Initialization and compiling WilsonROS

Create a directory and initialize a workspace for WilsonROS

mkdir -p wilsonros/src
cd wilsonros/src
catkin_init_workspace

Clone the repository into the src folder

git clone https://github.com/WilsonROS/wilson_ros

Go to the wilsonros folder and compile the project.

cd ..
catkin_make

It may appear that catkin_make fails at first, repeating this command can solve the issue.

Preparing the environment

The environment variables for WilsonROS can be set persistently using this commands, assuming that the workspace folder was created in the home directory:

cat - >> ~/.bashrc <<EOF
export ROS_MASTER_URI=http://10.42.0.1:11311/
cd ~/wilsonros/
source ./devel/setup.bash
EOF

source ~/.bashrc

Starting Nodes

WilsonROS has different components in order to provide the desired functionality. There are for example components for the navigation stack and the mapping process.

Most of the components are composed into a set of launch files, which makes them easier to use because you simply run some commands like roslaunch <launchfile>. To get more information about launch files please read the documentation of roslaunch.

WilsonROS also provides launch files to test in a simulator on the local machine.

Simulator

There exist mainly two files to test functionality inside the simulator, namely home_sim.launch and mapping_sim.launch.

Therefore you start the mapping process in the simulator with

roslaunch wilson_ros mapping_sim.launch

and the autonomous movement with

roslaunch wilson_ros home_sim.launch

respectively.

Note that you can only start one of those at a time. For further use of both of these modes alls the guidelines and rules of later sections apply.

While the simulator is running, you can also start the visualizations as explained below.

Turtlebot 2

WilsonROS surely provides nearly the same convenient methods to execute the nodes on real hardware in the real world. If you did not already build the robot, please refer to this section of the Developer's Guide.

In order to start the robot itself you need to connect to the robot using SSH like the following:

ssh turtlebot@10.42.0.1.

This is the terminal where remote commands get executed.

The mapping on the real robot is started using this command remotely:

roslaunch wilson_ros mapping.launch

This will not start the controller, so you are not able to move the robot. This is explained in the next section.

For the autonomous movement this command has to be executed remotely:

roslaunch wilson_ros boot.launch

This launches a set of nodes to do all the planning and navigation and such on the robot. However, depending on the computing unit you choose it may be necessary to split some of the work. In that case you should execute the follwing command remotely:

roslaunch wilson_ros boot_minimal.launch

and the follwing three commands locally:

roslaunch wilson_ros coverage.launch

roslaunch wilson_ros zone_generator.launch

roslaunch wilson_ros planner.launch

In this case only slightly more than the minimum necessary is running on the robot. You can also split the above three commands on multiple machines, as long as each machine has the same ROS environment setup.

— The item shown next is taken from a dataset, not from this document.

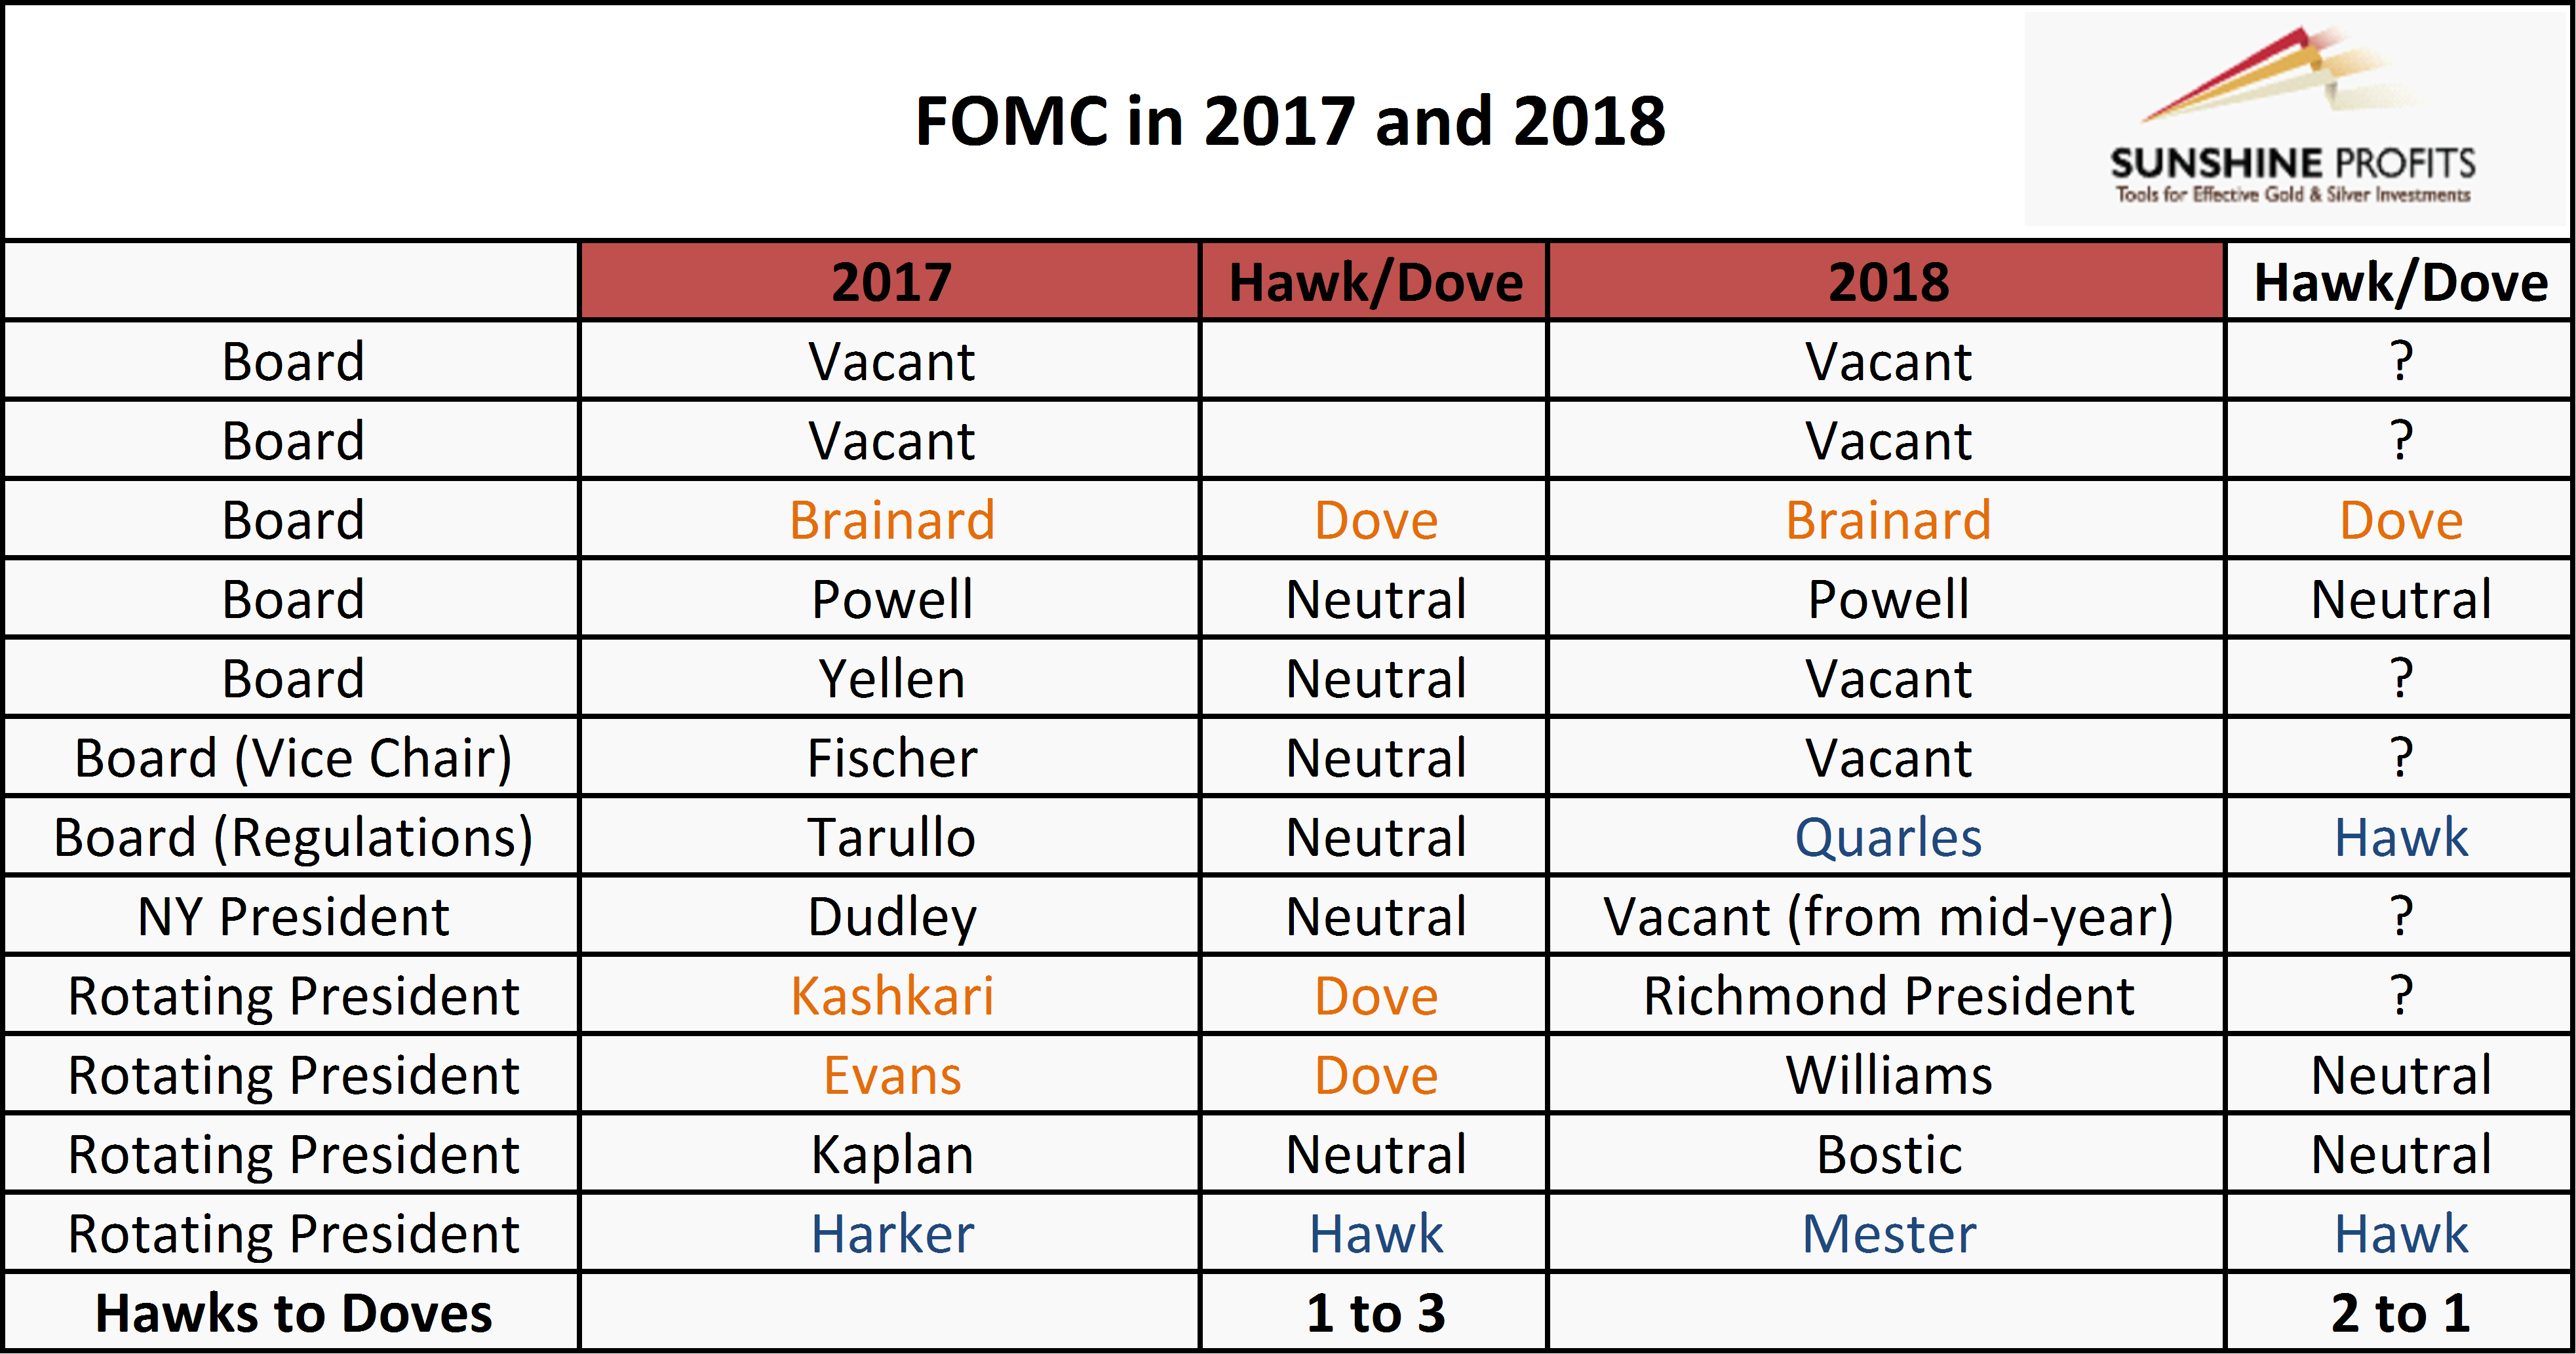 FOMC in 2018

Start Each Node Separately

For more flexibility you can start each node separately. This allows for more distribution and parameterization. To keep it short, this is the only command which must be run remotely:

roslaunch turtlebot_bringup boot.launch

For the mapping part you can run either locally or remotely:

roslaunch wilson_ros slam_gmapping_pr2.launch

For the autonomous movement there are a few parts more involved. Here is a list of all necessary commands:

roslaunch wilson_ros nodelet.launch

roslaunch wilson_ros amcl.launch

roslaunch wilson_ros navigation_stack.launch

roslaunch wilson_ros coverage.launch

roslaunch wilson_ros zone_generator.launch

roslaunch wilson_ros planner.launch

These commands may be distributed in any way, as long as all machines use the same ROS master. However, consider the network latency in you environment and the comparatively slow connection speeds of wifi.

Shutdown the Robot Gracefully

In order to shut down the robot gracefully you just need to terminate all remotely executed commands. This can be done by pressing CTRL-C inside the terminal running the SSH session. After everything is shut down this way feel free to run sudo poweroff.

Moving the Robot

The robot is moving in most cases autonomously. Only in the mapping process the robot needs to be guided. A controller is added to the project ('src/controller/') to move the robot. To control the robot run the following command locally inside the workspace:

rosrun wilson_ros controller

It connects to the rosmaster and opens the following window.

This window is the controller. When the window is focused, the user can move the robot.

The user can use the keys ...:

• 'w' or 'W' or 'KEY_UP' - to move straight ahead
• 's' or 'S' or 'KEY_DOWN' - to move backwards
• 'a' or 'A' or 'KEY_LEFT' - to move to left
• 'd' or 'D' or 'KEY_RIGHT' - to move to right.

The robot moves straight ahead or backwards with a speed of 0.05 (double) and moves to left or right with a speed of 0.33 (double).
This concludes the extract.